One day, I realized I could make a semiautomatic rifle from one of my ten-shot .303-caliber bolt-action British Enfields. The Lee Enfield, the standard firearm for British forces from 1895 to 1957, is an extraordinarily solid rifle with a beautiful brass buttplate (changed to aluminum in World War II). I had plenty of firearms books, but I got this idea all on my own, from playing endlessly with the weapon’s action.

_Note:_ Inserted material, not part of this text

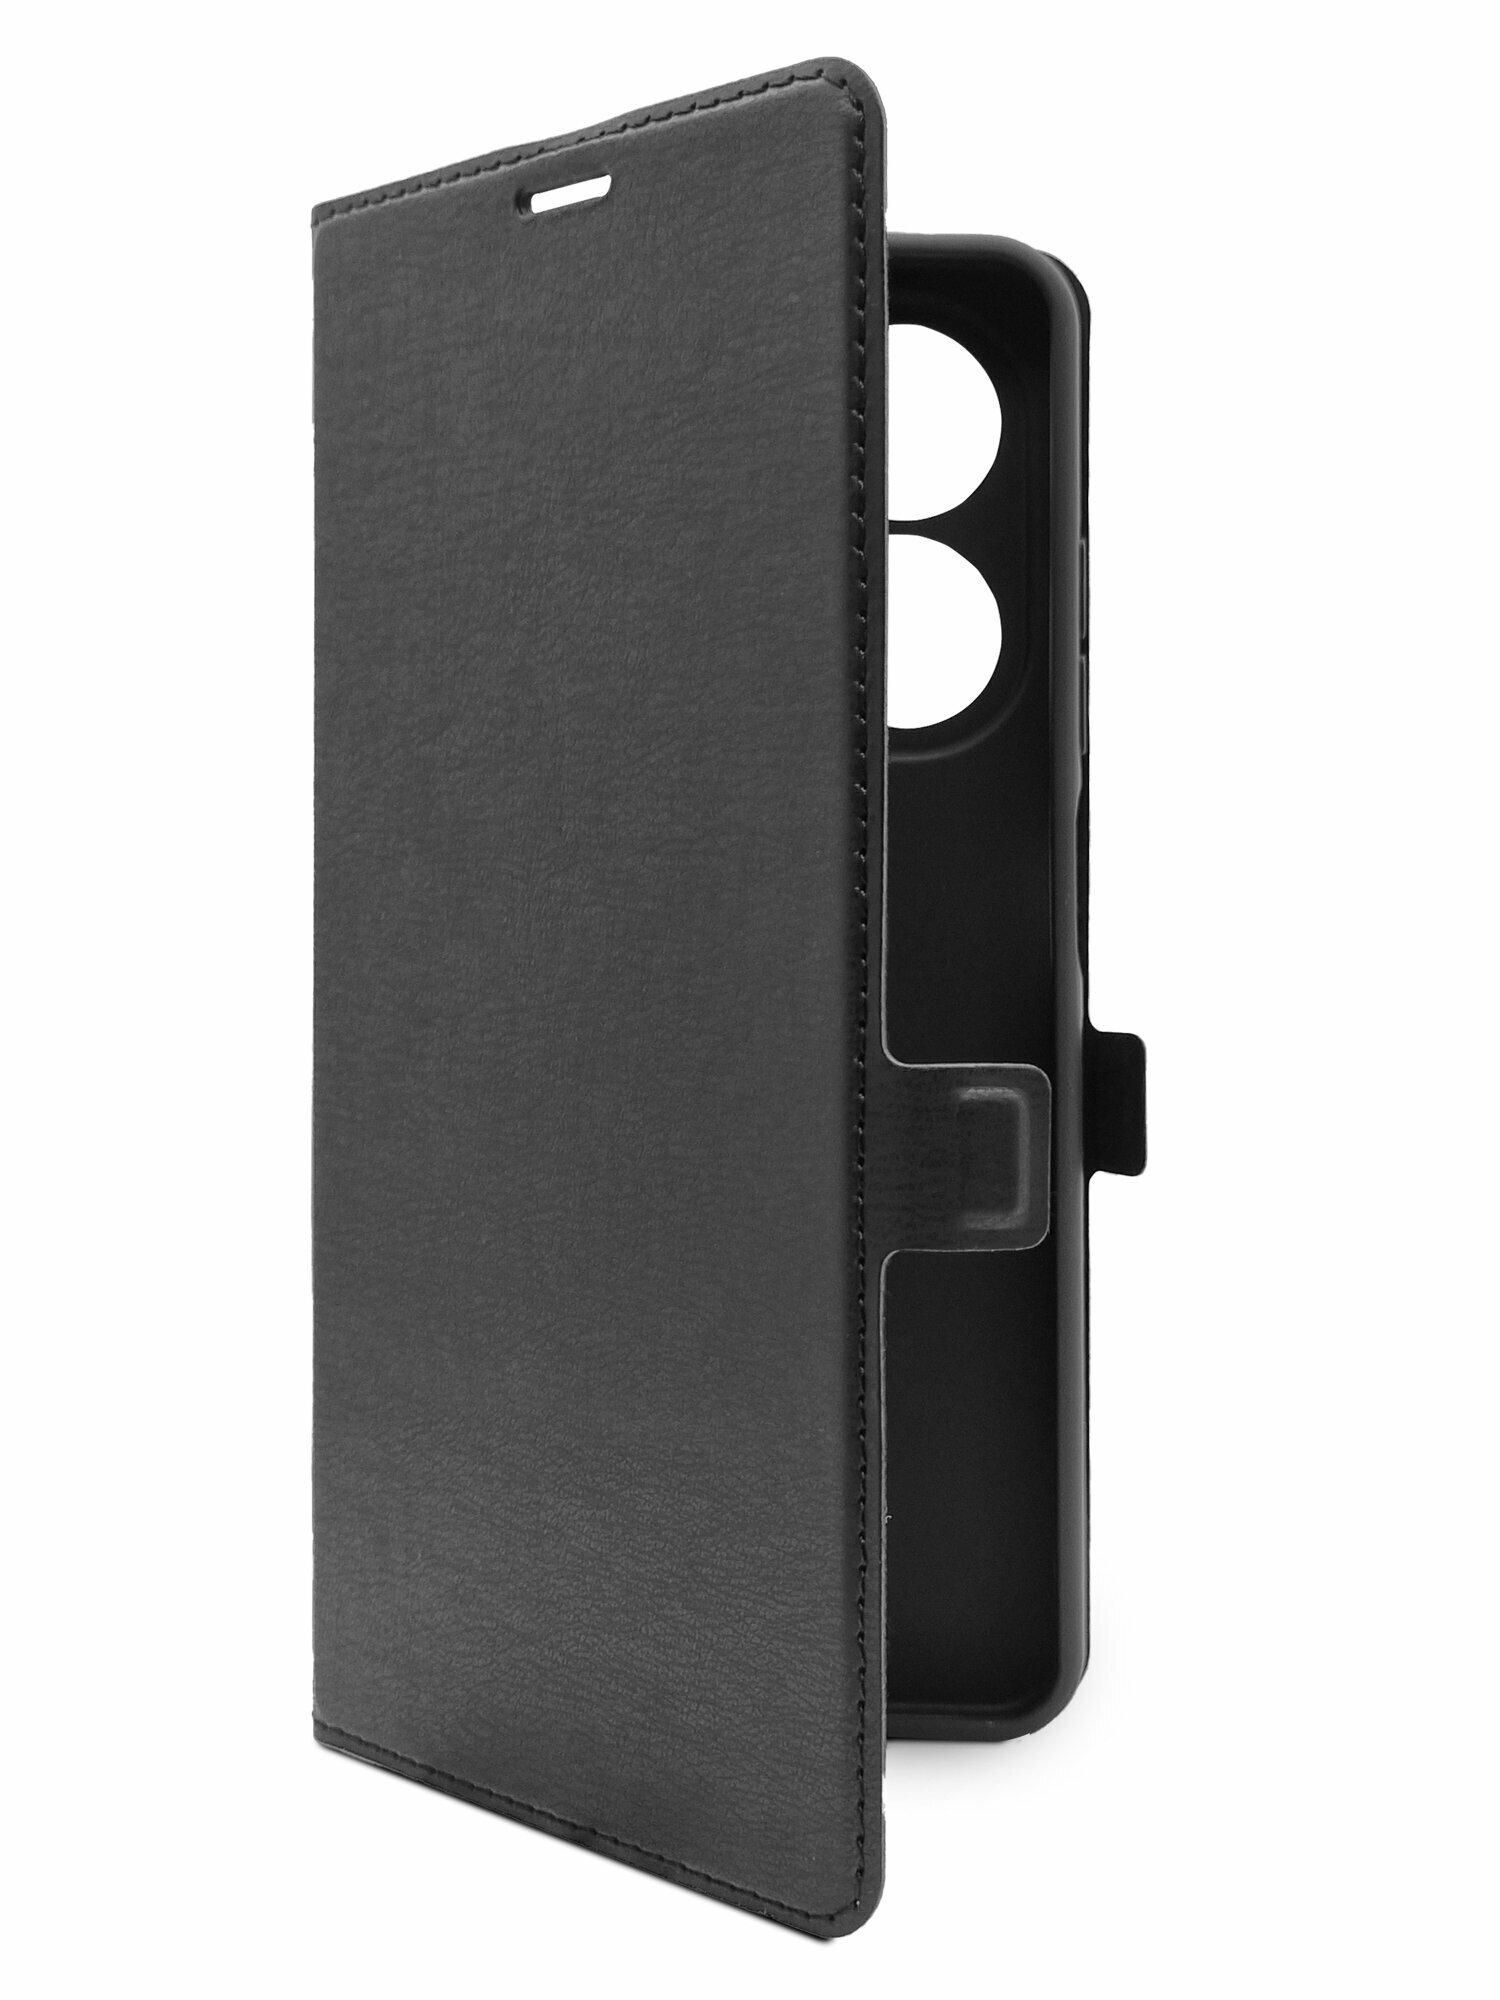 Чехол на Tecno Spark 20C (Техно Спарк 20С) черный книжка эко-кожа с функцией подставки отделением для пластиковых карт и магнитами Book case Miuko

It wasn’t all that tricky to work out, and I was surprised the British hadn’t thought of it in the First or Second War. The Americans had done it by fitting their 1903 Springfield bolt-action rifle with the Pedersen device. This gave the infantryman vastly more firepower: instead of five overpowered rifle cartridges, he could fire forty smaller .30-caliber pistol cartridges—adequate for the close quarters of trench warfare—as fast as he could pull the trigger. But my idea would be much simpler. The Enfield wouldn’t need a hole milled through the receiver to create an ejection port, and it could still fire the same full-size rifle cartridge without replacing the weapon’s bolt to install a semiautomatic device such as the Pedersen. Having a dozen Enfields already, and with thousands of surplus ones still available through the mail for only thirteen dollars each, I knew that my invention would soon have me rolling in dough—which I could use to buy even more weaponry!

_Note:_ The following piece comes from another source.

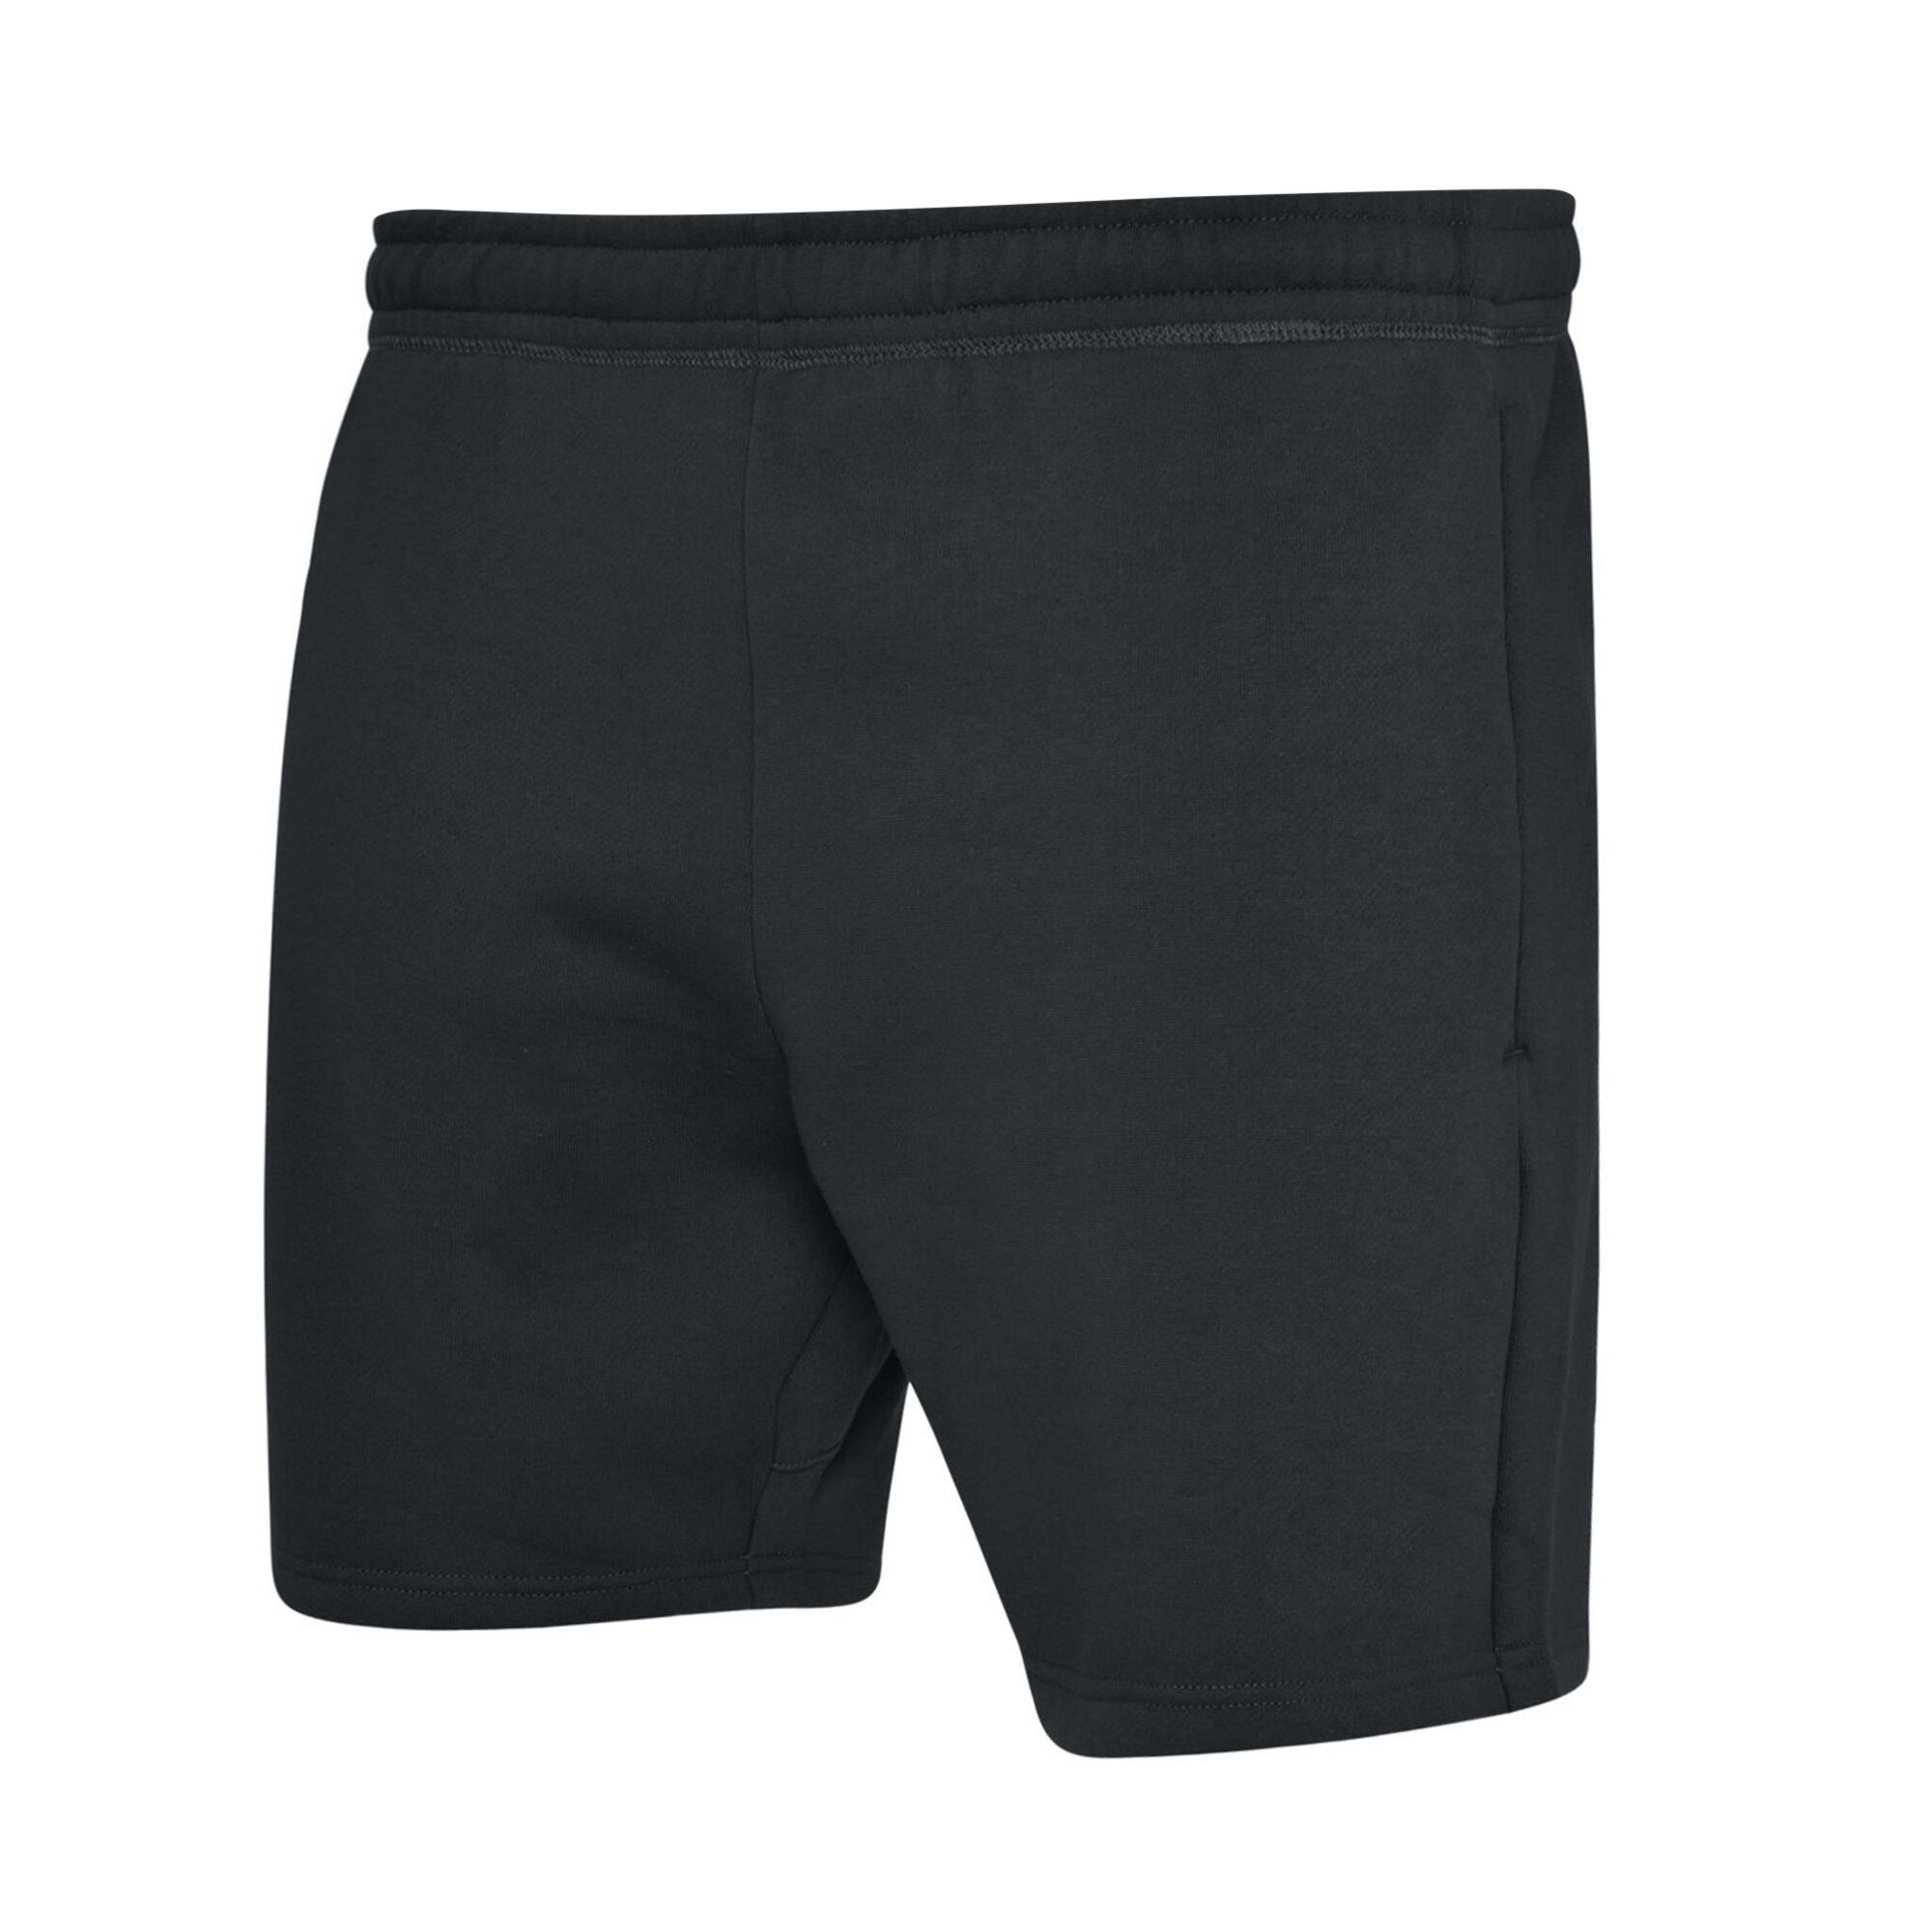 Mens Club Leisure Shorts (Black/White) 2/4

More importantly, I knew that my dad would be proud of me. After all, the first rifle I bought through the mail was an Enfield, which I got just by lying on the form, saying I was 18. My dad didn’t mind, and we spent many hours in the garage “sporterizing” it. First, we removed the front bayonet lug and the upper stock, which covered the barrel. Then we cut down the forearm (the lower stock beneath the barrel) by about half so it would look like a sportsman’s hunting rifle instead of a military weapon. We then sanded and stained the forearm and buttstock and coated them with gloss varnish. We also buffed all the metal parts to get rid of the dull black military finish and cold blued them so they would be shiny black. My dad finished it off by fitting the front of the forearm with a clear black plastic cap.[1]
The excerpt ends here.